09:59 This is a, a difficult message. Even for me to hear today. And by the way, any message from the prophet, Jeremiah at the time was a difficult message for the people of Israel. We know this because when Jeremiah was prophesying saying that they would be taken into exile, he was thrown into prison because the religious leaders and the leaders of the community at the time thought he was begging for attention. And he was just throwing up warning signs of something that wasn't actually going to come to pass. So the messenger of the Lord after communicating the message of the Lord was silenced as best as they could. And then what he said came true anyway, and now another difficult message comes from Jeremiah. And that is we're not to just fight back. We're not to scream and to yell and to shout. We're not to escape.
10:43 Instead we build homes. I wonder if today the message for the church at west side here in central Oregon and in bend is that we should continue as best we can to invest deeply into the community around us, not just the church community and not just this property, but instead we should look at the places where we live, the neighborhoods that we exist in the downtown, that we walk through, the alleyways, the highways and the byways that we should declare in the name of the Lord, that this is the place that he has called us to not just to preach against and to scream against, but the built homes and to plant gardens so that we might share with the community around us so that we might look at our neighbors and our neighborhood problems and the difficulties that we face today, not just as someone else's difficulty or for the city council, but instead for me as a neighbor who is invested in this place that I find myself exiled in, it can be easy as the church to say, look, we're not of this world. All we want to do is create a separation between them and us. So we build our own structures and our own organizations to try to with just the Christian culture, as much as we can. And Jeremiah would look at the nation of Israel and he would say, look, that's not how this exile's gonna work.
12:04 And you're not just gonna live and tolerate where you're at. Instead, you will pray and advocate for goodness to happen in that place.
12:15 I have to tell you, we're not just biting our time until we get out of exile church. We're not just wishing and praying and hoping for a better day where the culture is silenced. And the culture of Christianity has been raining Supreme. Instead, right now, in this moment, we are called to be a people of hope and of love and of advocacy for the place around us. When Jeremiah shared this message that they would need to build a place and they would remain there 70 years, they were only 10 years into the exile. They had to find hope in the 60 years that they were new, that they would be exiled for this hope. And this way of living is for Christianity for church right here and now.
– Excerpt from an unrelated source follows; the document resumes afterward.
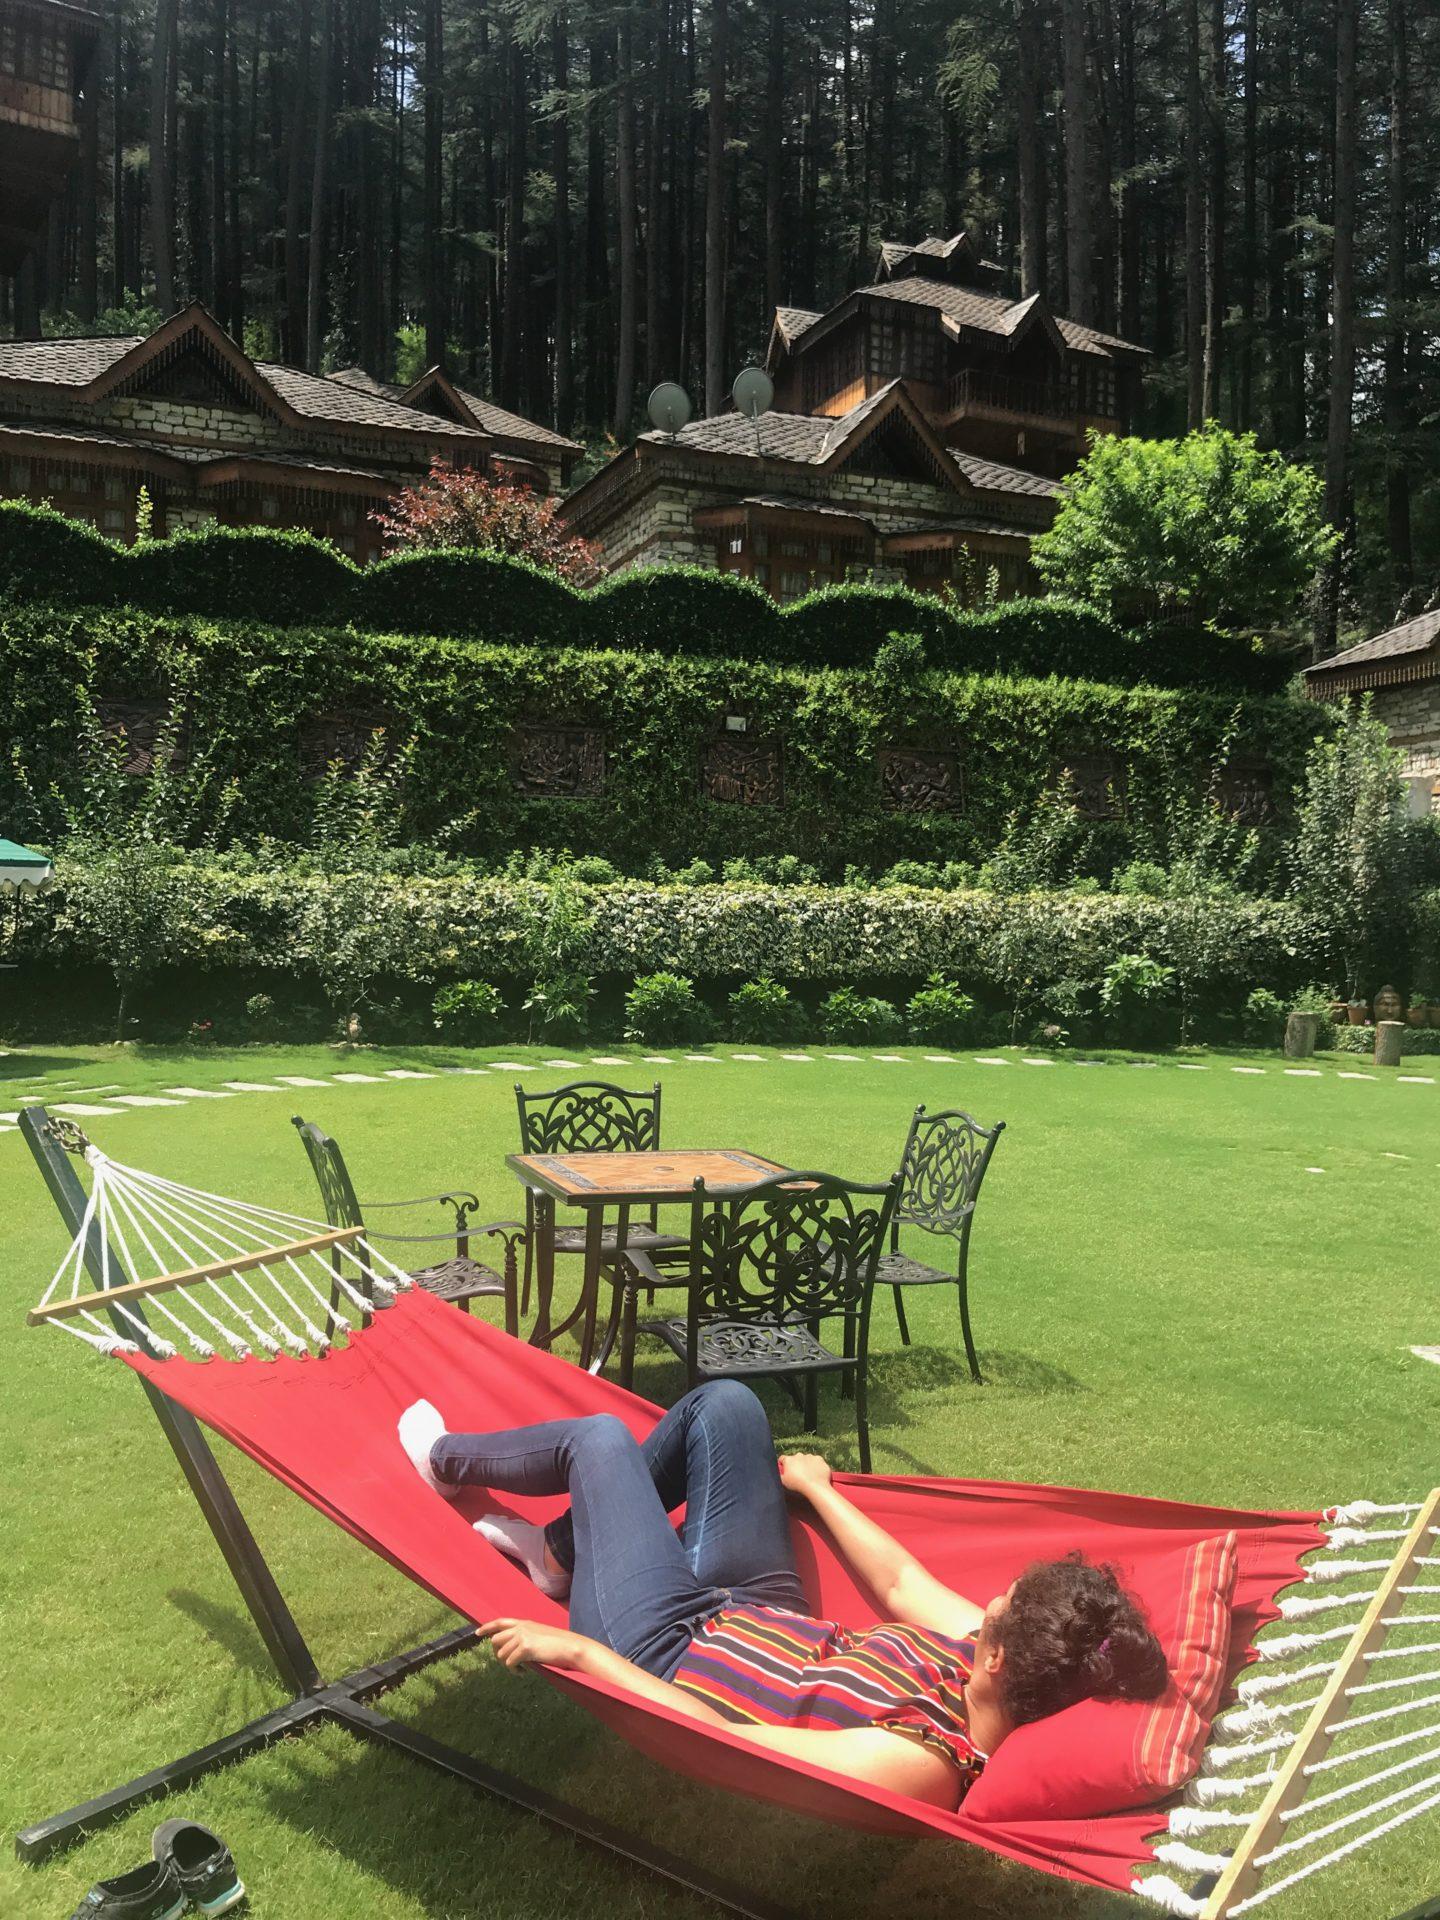 Best Hotels And Homestays In Himachal Pradesh Thatgoangirl Guide

12:59 And Peter catches this in the new Testament in first, Peter, chapter five. It's not just Jeremiah who speaks this way. Peter says, and when the great shepherd appears to use is in a letter to several churches in the area that he's trying to help out says, you'll receive a crown of never ending glory and honor in the same way. You who are younger must accept the authority of the elders and all of you dress yourselves in humility. As you relate to one another, I'll read that again. Dress yourselves in humility. As you relate to one another for God opposes the proud, but he gives grace
13:35 To the humble.
13:38 And he goes on in verse 13, he says, so humble yourselves under the mighty power of God. And at the right time, he will lift you up in honor, give all of your worries and cares to God for, he cares about you. Now listen to this. Peter says hundreds of years after what Jeremiah said, your sister church here in Babylon sends you greetings. And so does my son mark greet each other with a kiss of love, peace be with all of you in Christ. Peter is not in Babylon at this time. The reference that he's making here is this new form of exile. As Rome has come and occupied their Homeland. I think what Peter is trying to communicate to us in this moment is that exile will continue to happen and all these victories while they're sweet and they're beautiful. Still we remain in this place waiting for this ultimate kingdom of God has come. And in the meantime, we try to create heaven here on this earth.
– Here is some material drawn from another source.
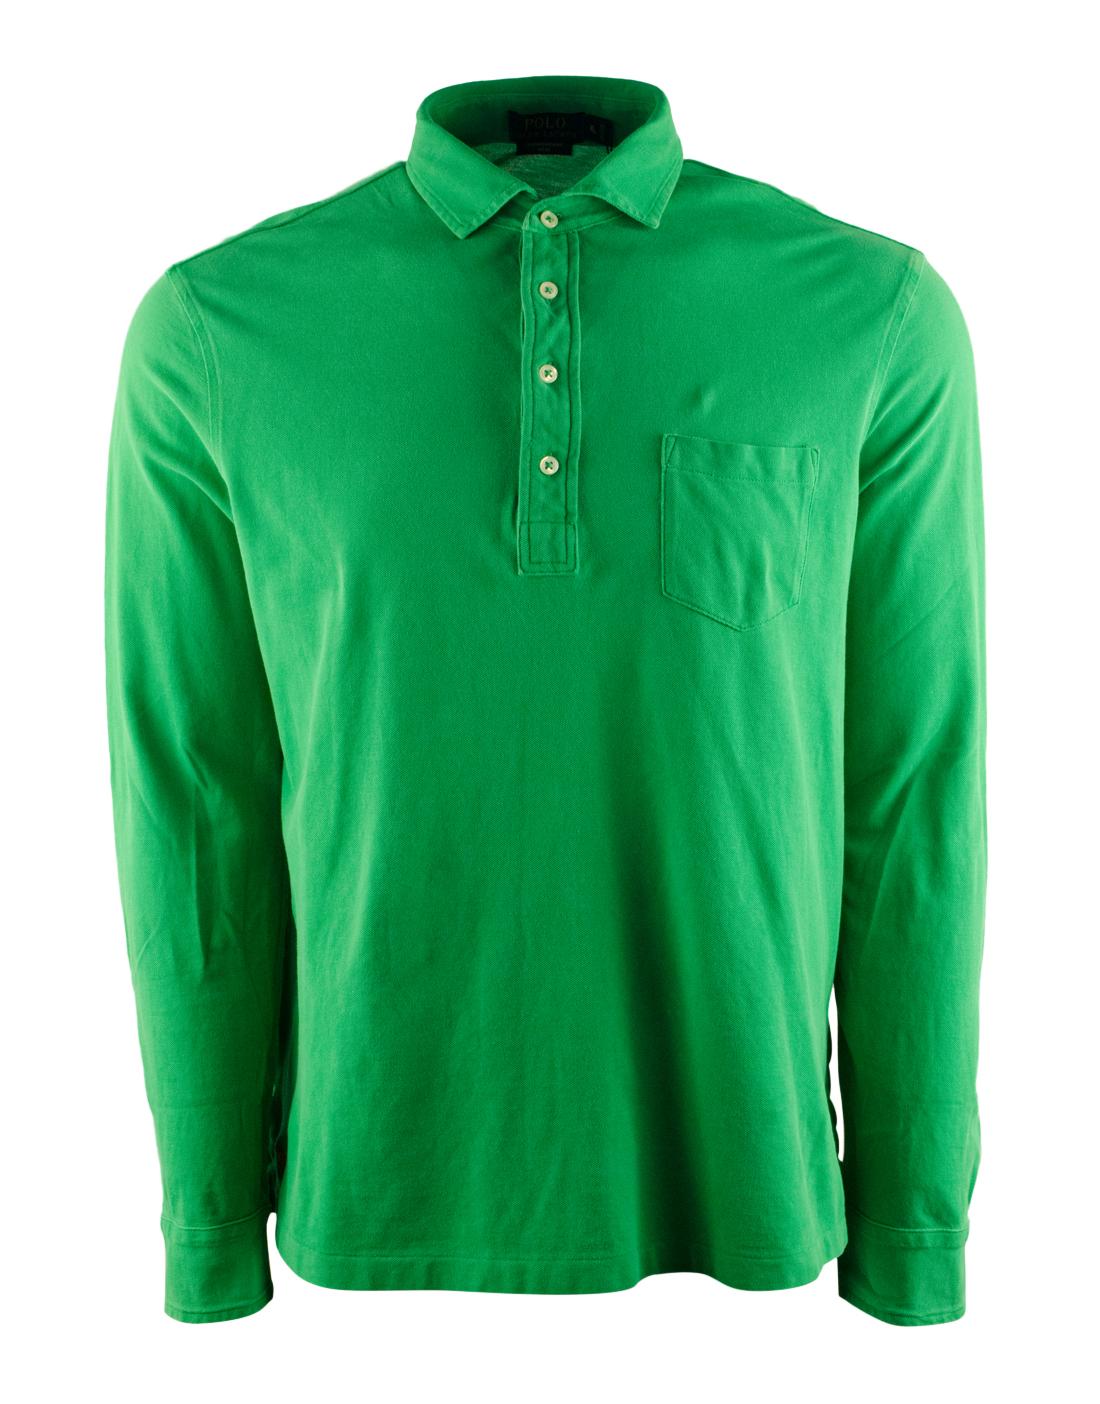 Polo ralph lauren men 39 s featherweight mesh long sleeve for Long sleeve pocket shirts

14:48 So be cautious to claim any victory as this ultimate and unending victory for God, especially in the realm of politics and in the realm of culture instead understand empires will continue to come and go, but the love and the power of Christ within us and in this place remains among the people in exile, evidence of a life being lived well. And exile will be our humility, not our empires or our power. Well, it's not just father's day. It's also a new federal holiday today called Juneteenth. And if you're unfamiliar with Juneteenth, it's a beautiful story that actually expresses this idea of exile. as well as is a powerful moment for us as a nation. So if you don't know the history, this is taking place primarily in Texas. Now, Abraham Lincoln issued the emancipation proclamation on January 1st, 1863, but because of the fighting, the lack of internet instant communication available at the time, it wasn't until June 19th, 1865, two years later, after the emancipation proclamation, that general Gordon Grainger of the union army galloped into Galveston with 2000 other soldiers and came and gave a proclamation.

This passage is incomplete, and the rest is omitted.